Avoiding Brittle Tests

  • Test the public API, not the private internals.
  • Test state, not interactions (users care about what happens, not how you do it).
  • Use real objects if they’re fast and deterministic. Only mock if you absolutely have to.

Test Doubles: The Good, the Bad, and the Mockly

  • Fakes: In-memory DBs, fake queues. Great for speed.
  • Stubs: Pre-programmed return values. Fine if you’re desperate.
  • Mocks: Verify interactions. Useful for side-effects like “Did we send the email?” but can become your worst enemy.

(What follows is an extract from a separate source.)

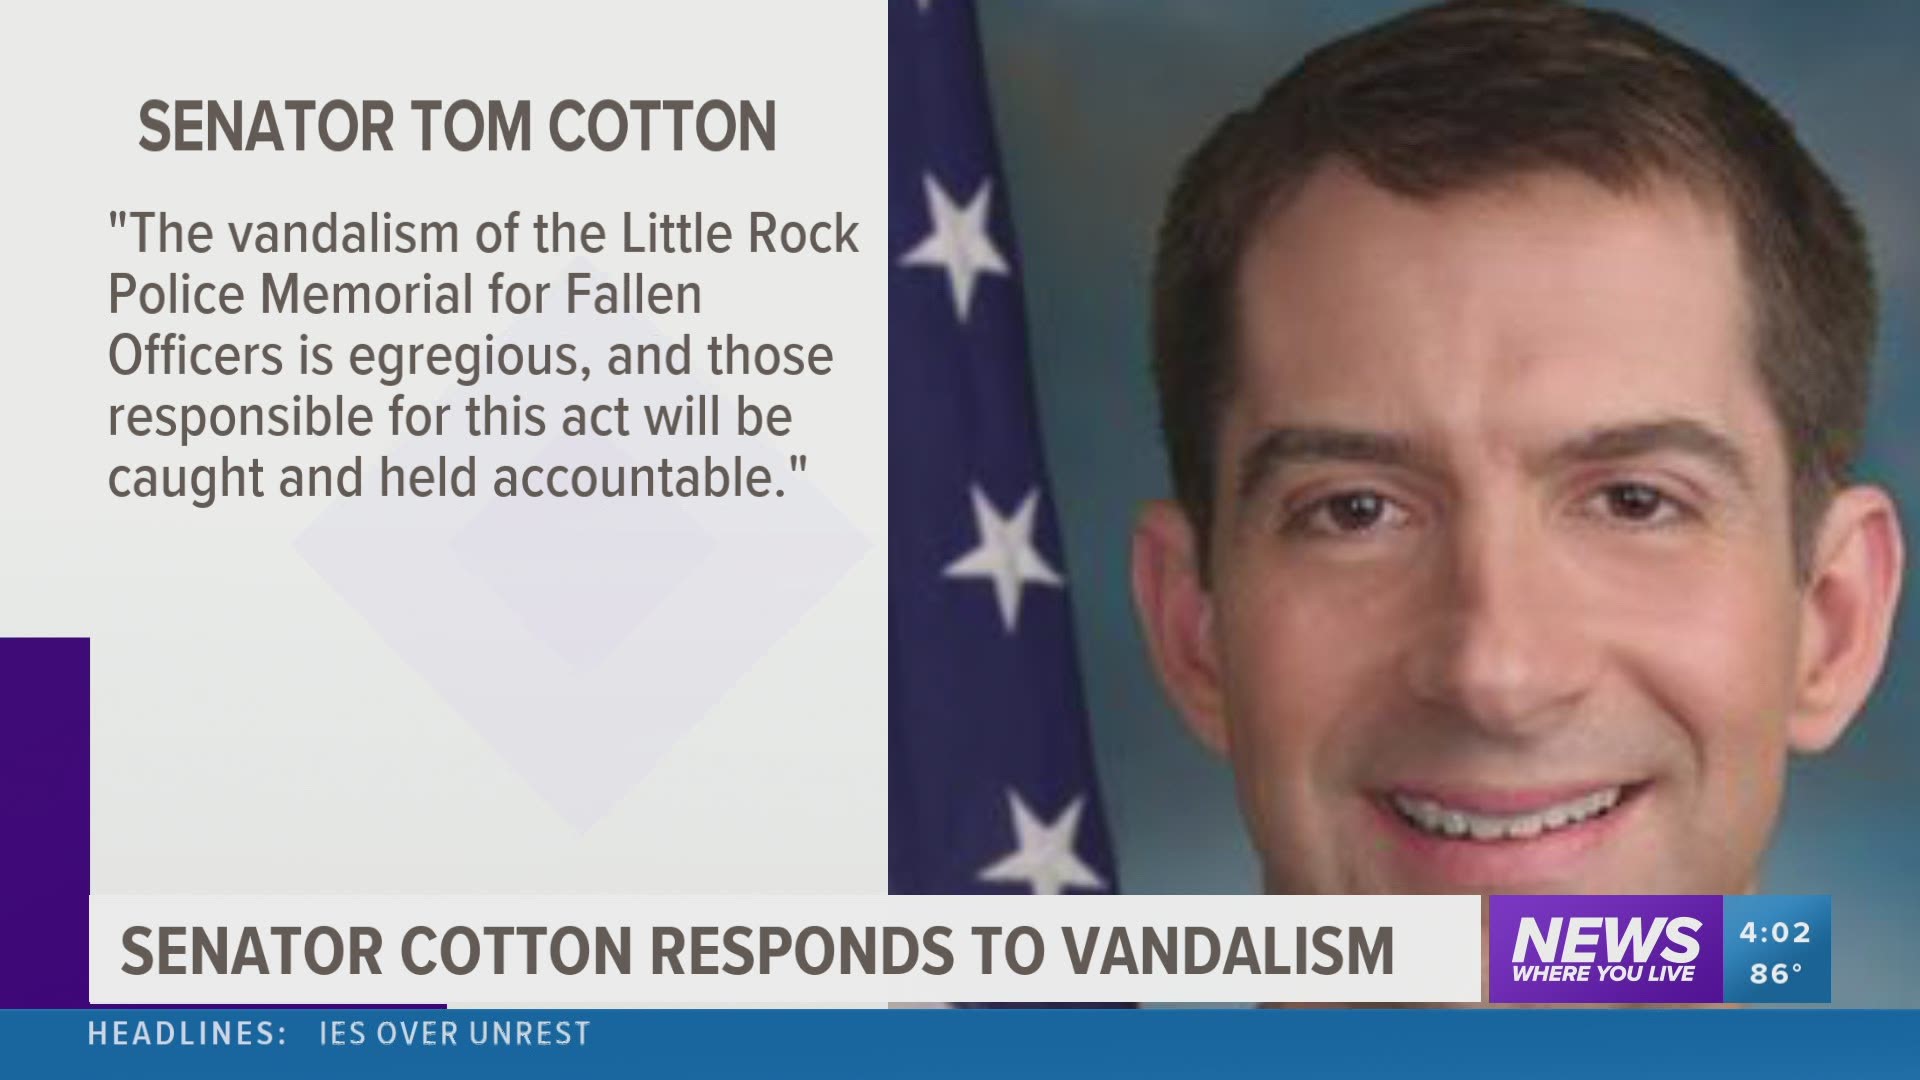 Senator cotton responds to vandalism

Example: Stubbing Gone Wrong

const dbStub = { save: jest.fn().mockReturnValue("ok") };

test("should save data", () => {
const service = new DataService(dbStub);
service.save("data");
// brittle: relies on interaction detail
expect(dbStub.save).toHaveBeenCalledWith("data");
});

If you change your service to db.save(JSON.stringify(data)), this test breaks even though the user-facing behavior is correct. Congrats, you’ve written a brittle nightmare.


Culture: Making Testing Cool Again™

  • Orientation: Teach new hires why tests matter.
  • Gamification: Internal dashboard with “Testing Levels.” Bragging rights included.
  • Testing on the Toilet: Yes, literal posters in bathrooms with testing tips. Because nothing screams “company culture” like debugging mock behavior while on the throne.

Final Thoughts

  • Test what matters.
  • Write tests that are clear, not clever.
  • Don’t chase 100% coverage like it’s the Holy Grail.
  • Remember: bad tests are worse than no tests.

So go forth, write tests, and when your future self curses at you for a failing assertion, at least it’ll be a clear and meaningful one.